Microsoft has official documentation around this in the following documentation:
Change and delete detection using indexers for Azure Storage in Azure AI Search
https://learn.microsoft.com/en-us/azure/search/search-howto-index-changed-deleted-blobs?tabs=portal
The document outlines that change detection only picks up new and changed documents and not deletion. Microsoft’s proposed method of tracking deleted documents to avoid orphaned files is to implement a soft delete strategy that results in deleting search documents first, then followed by physical deletion in the Azure Storage account. The proposed 2 methods to address this is as follow:
- Native blob soft delete that only applies to Blob Storage (this is why I used a Blob storage account rather than Data Lake) – Currently in Preview as of May 17, 2025)
- Soft delete using custom metadata
What’s important to note is that both of these methods must be applied from the very first indexer run as if you decide to implement it on an existing indexer, any documents that were deleted before the policy is configured will remain in the index even if the indexer is reset.
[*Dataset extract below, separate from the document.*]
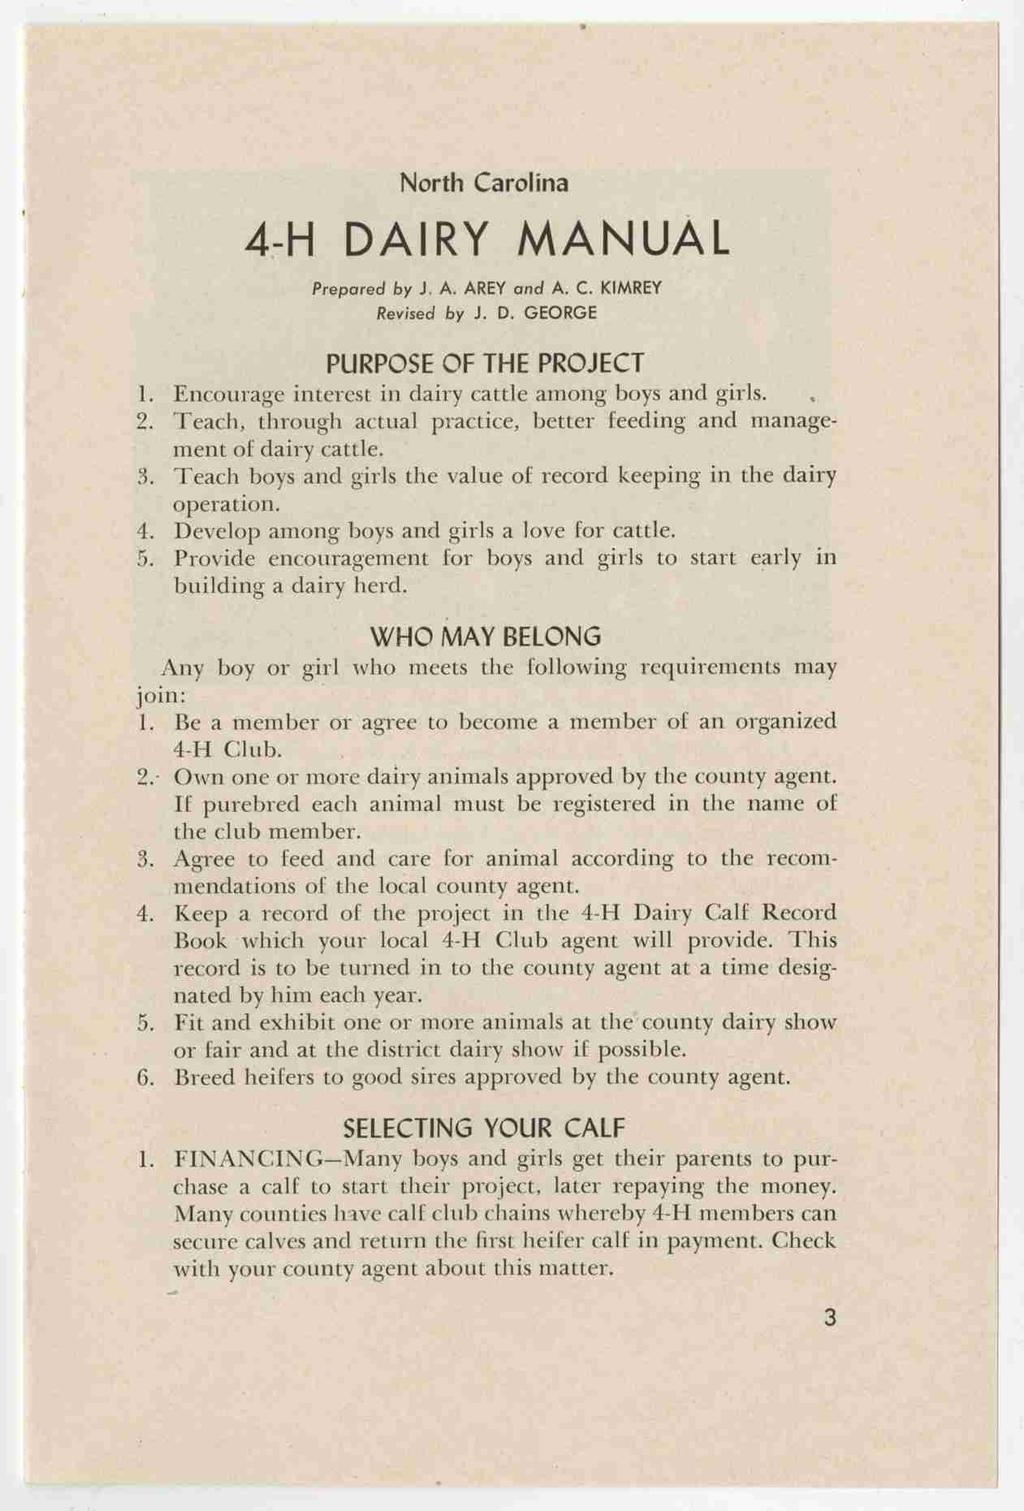 North Carolina 4-H DAIRY MANUAL Prepared by J. A. AREY and A. C. KIMREY Revised by J. D. GEORGE PURPOSE OF THE PROJECT 1. Encourage interest in dairy cattle among boys and girls.

The suggestion is to create a new index using a new indexer.
The document provides a wealth of information as to how delete detection works and I encourage you to read it from start to finish as my summary may leave some details out and
For the purpose of this blog post, I will demonstrate using the Native blob soft delete rather than the custom metadata method (I may write a follow up post on that when I have time).
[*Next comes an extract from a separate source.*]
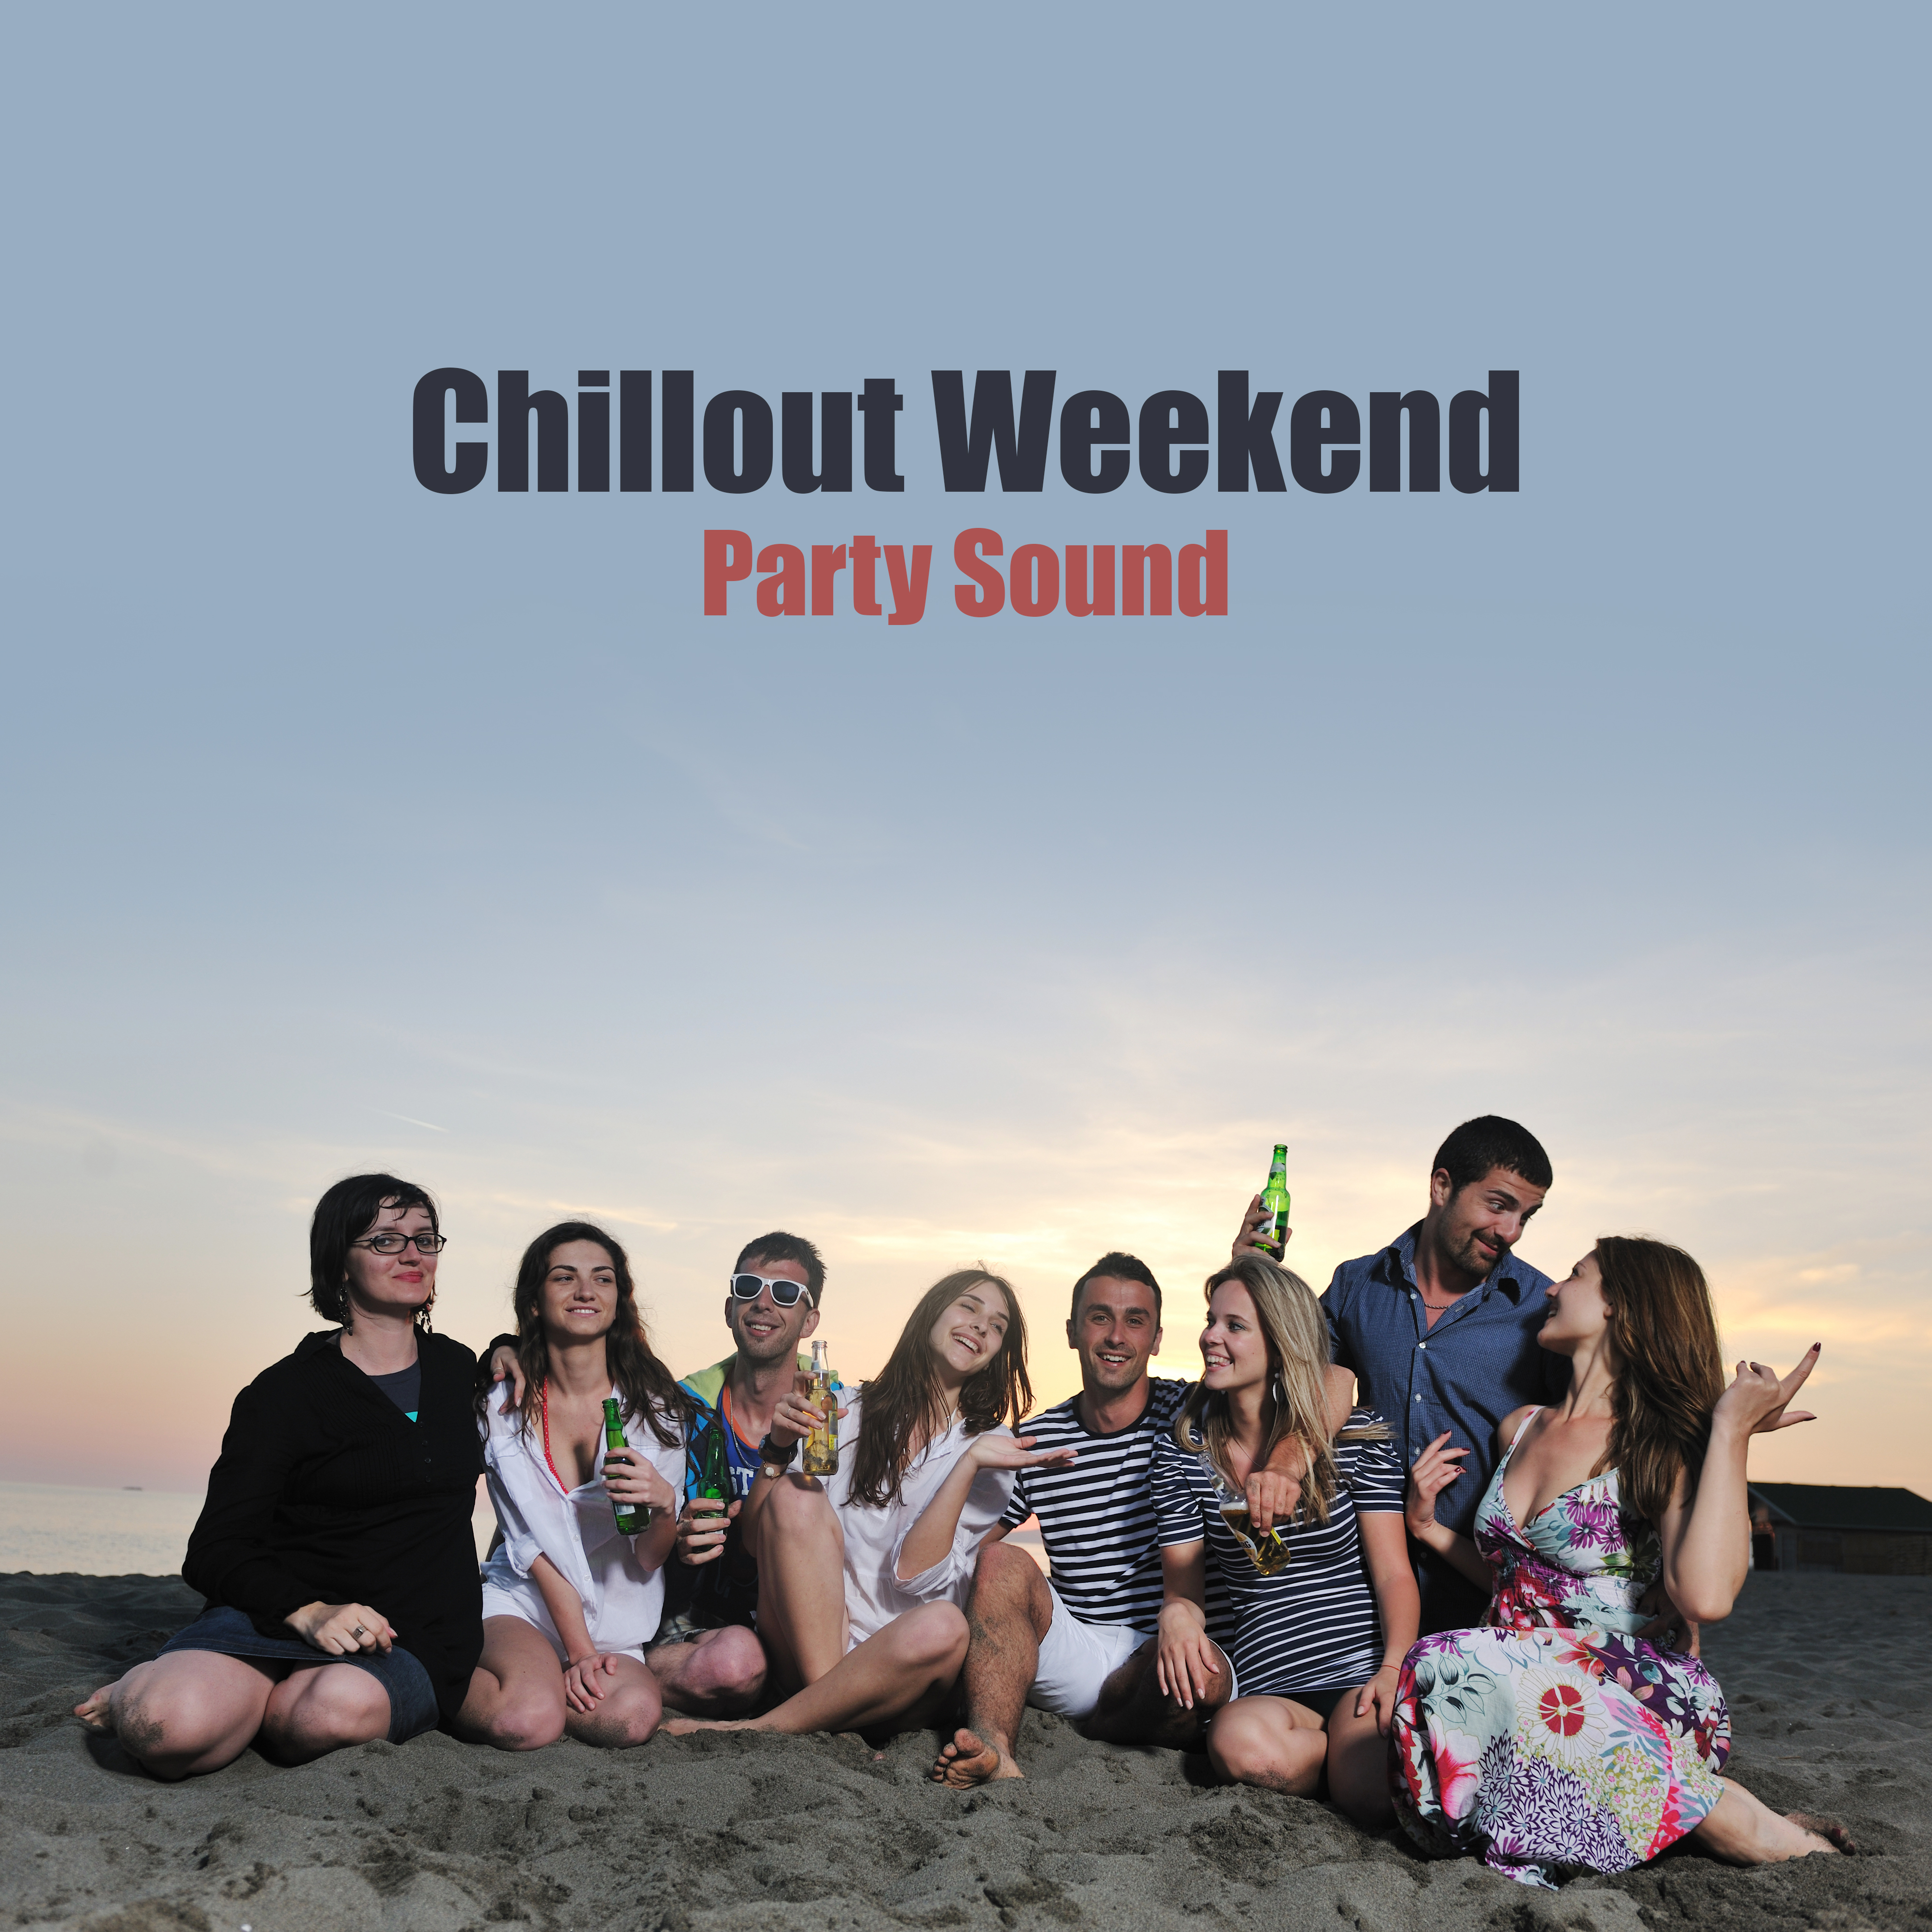 Chillout Weekend Party Sound – Electronic Hot Summer Beats for All Night Long Dance Party

Let’s start with the requirements:
- Blobs must be in an Azure Storage container and not ADLS Gen2 or Azure Files
- Soft delete must be turned on for blobs
- Document keys for the documents in your index must be mapped to either be a blob property or blob metadata, such as “metadata_storage_path”
- You must use a preview REST API such as 2024-05-01-preview, or the indexer Data Source configuration in the Azure portal, to configure support for soft delete
- Blob versioning must not be enabled in the storage account. Otherwise, native soft delete isn’t supported by design.
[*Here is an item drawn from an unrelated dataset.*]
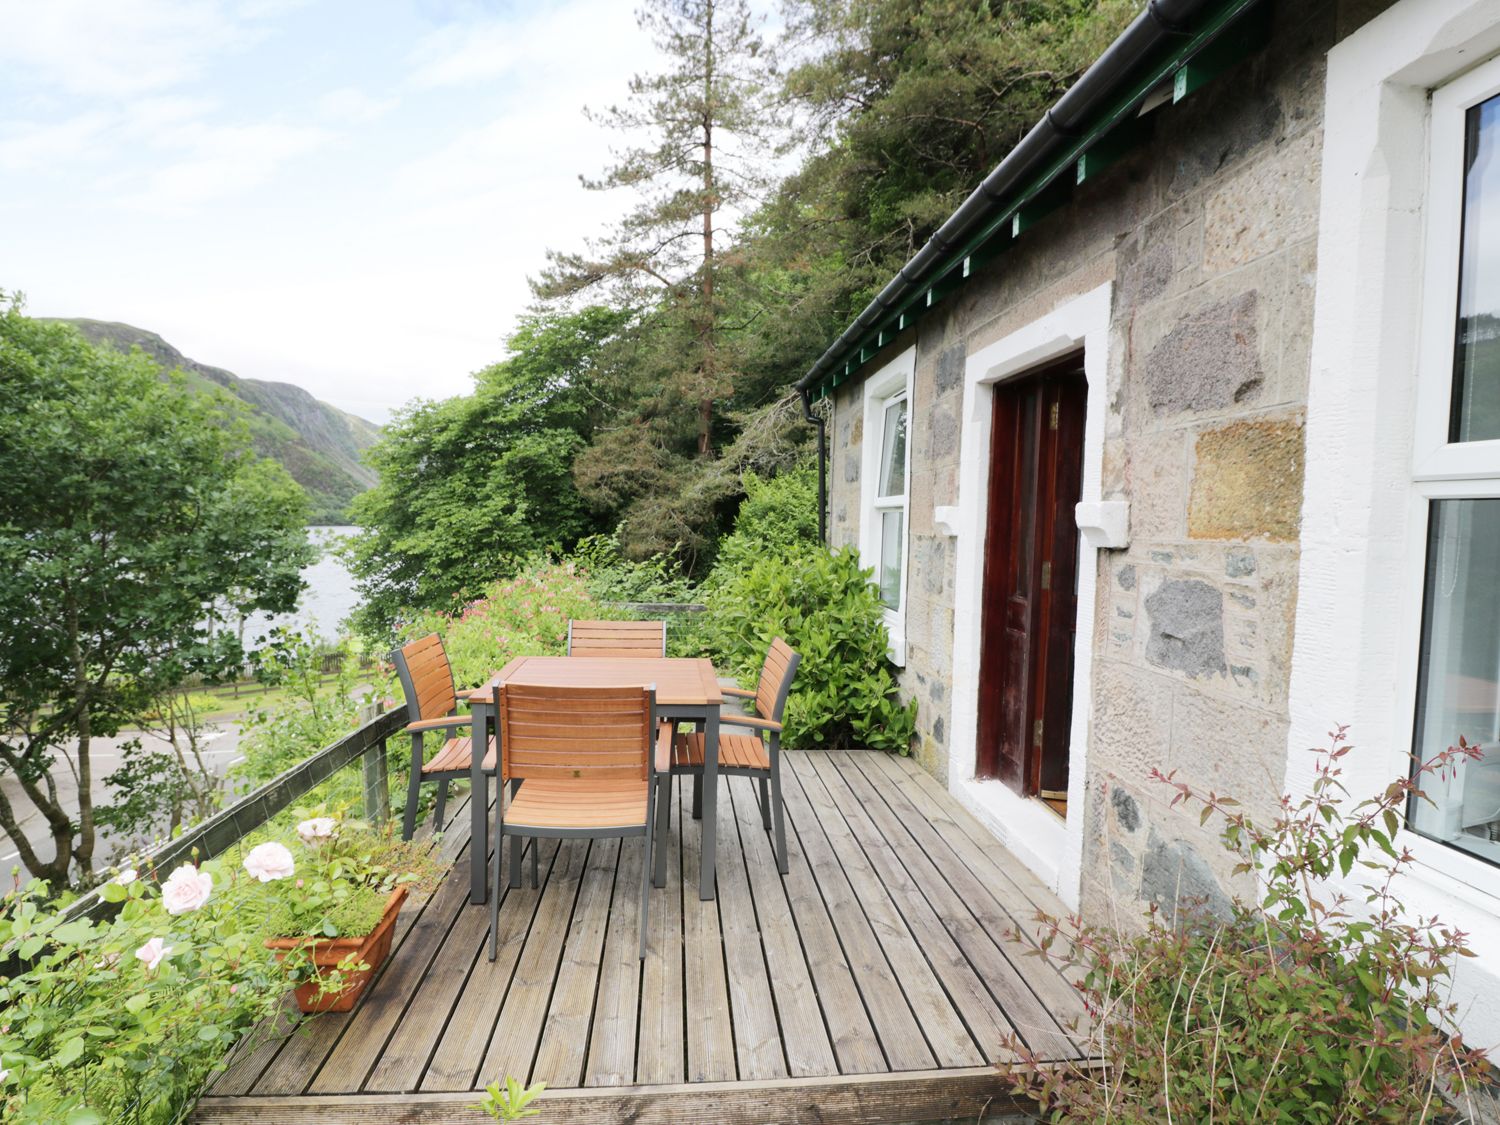 Awe View Railway Cottage, Argyll and Bute

As per the documentation, the first step in enabling this is to configure your data source with Track deletions and Native blob soft delete enabled. You would have seen this while going through the Import and vectorize data wizard:
What I noticed while testing with my existing AI Search is that you can actually enable this on an existing data source in AI Search:
Clicking on the Edit button allows you to enable the feature:
As it is usually the default configuration when creating the storage account, double check that soft delete is enabled:
With this configuration ready, let’s try re-uploading the same file we deleted, run the indexer, delete the file, and try searching again:
What I’ve noticed is that the Docs succeeded after the upload and indexer run will show a count of 1:
The results from proceeding to delete and run the indexer again will show Docs succeeded with a count of 1 again:
Oddly enough, the document no longer shows up in my Postman call, which goes against what the documentation states that the data source and indexer should be recreated:
Using the search feature for the indexes yield the same result with the document no longer returned:
I’m not completely sure as to why delete detection is working even though I had not recreated the data source and indexer and suspect maybe the continuously improvements Microsoft developers are making may remove this requirement. In any case, I always recommend going with what the documentation states and if it suggests that the data source and indexer should be recreated, then it should be followed.
Hope this helps anyone who might be looking for a quick demonstration of how to get AI Search to remove deleted blobs that are index so information that is meant to be removed do not end up being returned in searches.